Présentation générale

JOHN : Nous sommes en direct du CES 2024 avec AVCC. C'est parti. Bonjour et bienvenue sur The Garage. Nous enregistrons en direct depuis le Consumer Electronics Show 2024, et notre invité aujourd'hui est AVCC. Nous sommes ravis d'accueillir Doug Newcomb. Doug, bienvenue sur The Garage.

DOUG : Merci de m'accueillir. Je suis ravi d'être ici.

Voici Doug Newcomb

JOHN : Merci, Doug. Parle-nous un peu de toi et de l'AVCC.

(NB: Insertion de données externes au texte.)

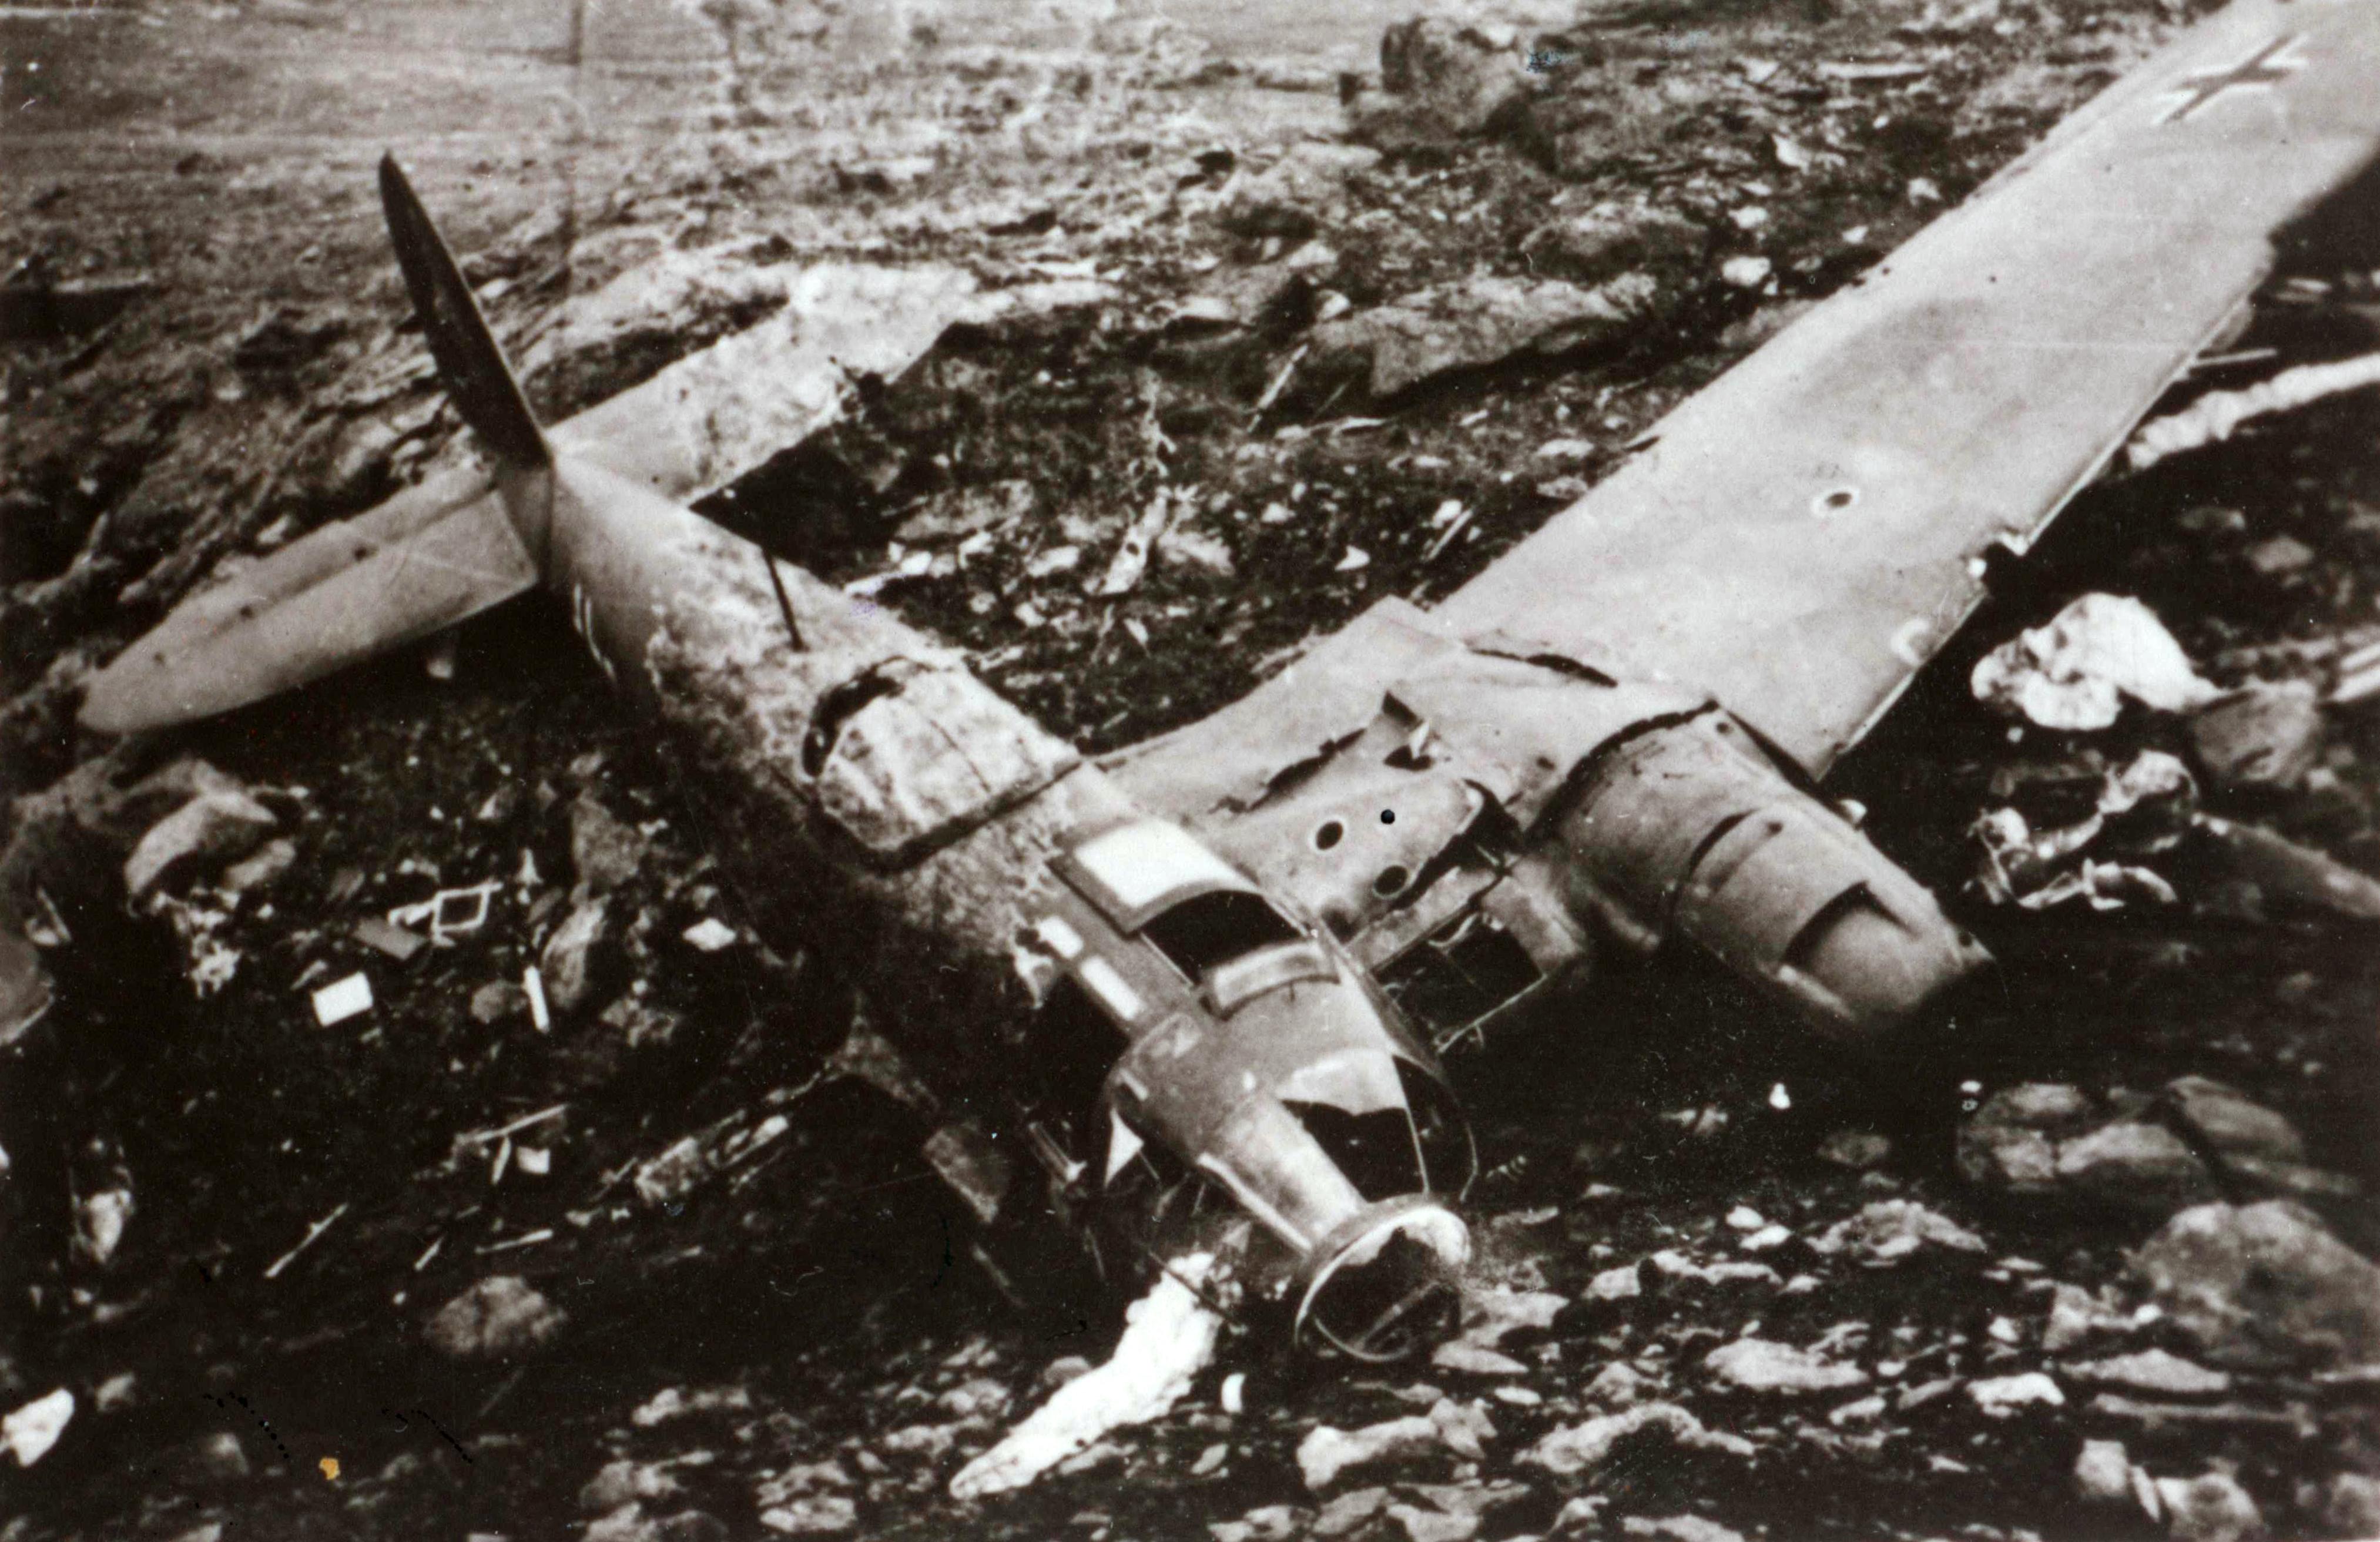 странице сбитый самолет картинки прошлом

DOUG : Bien sûr. Bien sûr. Eh bien, j’ai été journaliste. Ou plutôt, je suis journaliste. Je couvre l’actualité de la technologie automobile depuis de très nombreuses années. Mon premier CES – je dirais le CES d’hiver – remonte à 1989. Incroyable, non ? Bien sûr, j'ai commencé à y venir quand j'avais dix ans, donc, vous voyez. Mais oui, c'est vraiment intéressant de voir, John, à quel point ce secteur évolue et, vous savez, j'ai été là pour tout voir, au fil des années. J'ai également créé une société d'événementiel en 2013. J'ai eu la chance de la vendre en 2018, environ 18 mois avant que la COVID ne frappe.

JOHN : Tant mieux pour toi.

DOUG : Oui, j’adore organiser des événements. J’adore écrire sur ce secteur. J’adore discuter avec des gens comme vous, car c’est vraiment une période passionnante en ce moment dans le monde des technologies automobiles. Quant à l’AVCC, comme vous le savez bien, mettre au point un véhicule autonome demande énormément d’efforts. Les constructeurs automobiles et les équipementiers de premier rang — tout l’écosystème — ont vraiment du mal à y parvenir. Et cela nécessite également d’importantes ressources. L’AVCC se présente donc, tout d’abord, comme un consortium réunissant des équipementiers, des fournisseurs de premier rang et d’autres acteurs du secteur, ce qui constitue un élément essentiel du consortium, et ils développent des modules de propriété intellectuelle non propriétaires pour permettre la conduite autonome. Et cela concerne la cybersécurité, le calcul et l’apprentissage automatique. Imaginez que tout le monde suive en quelque sorte le même scénario de base et y contribue, tout en pouvant y ajouter sa propre touche personnelle. Tout cela dans le but d’accélérer réellement la concrétisation des immenses opportunités offertes par la conduite autonome, et ce, de manière très rentable.

JOHN : C'est super. Je pense donc que nous allons avoir une conversation passionnante aujourd'hui.

DOUG : J'adore parler de tout ça.

JOHN : Et puis, tu sais, pour commencer, j’aime toujours accueillir nos invités dans « The Garage »… J’aimerais aussi apprendre à te connaître en tant que personne. Raconte-nous une anecdote amusante à ton sujet.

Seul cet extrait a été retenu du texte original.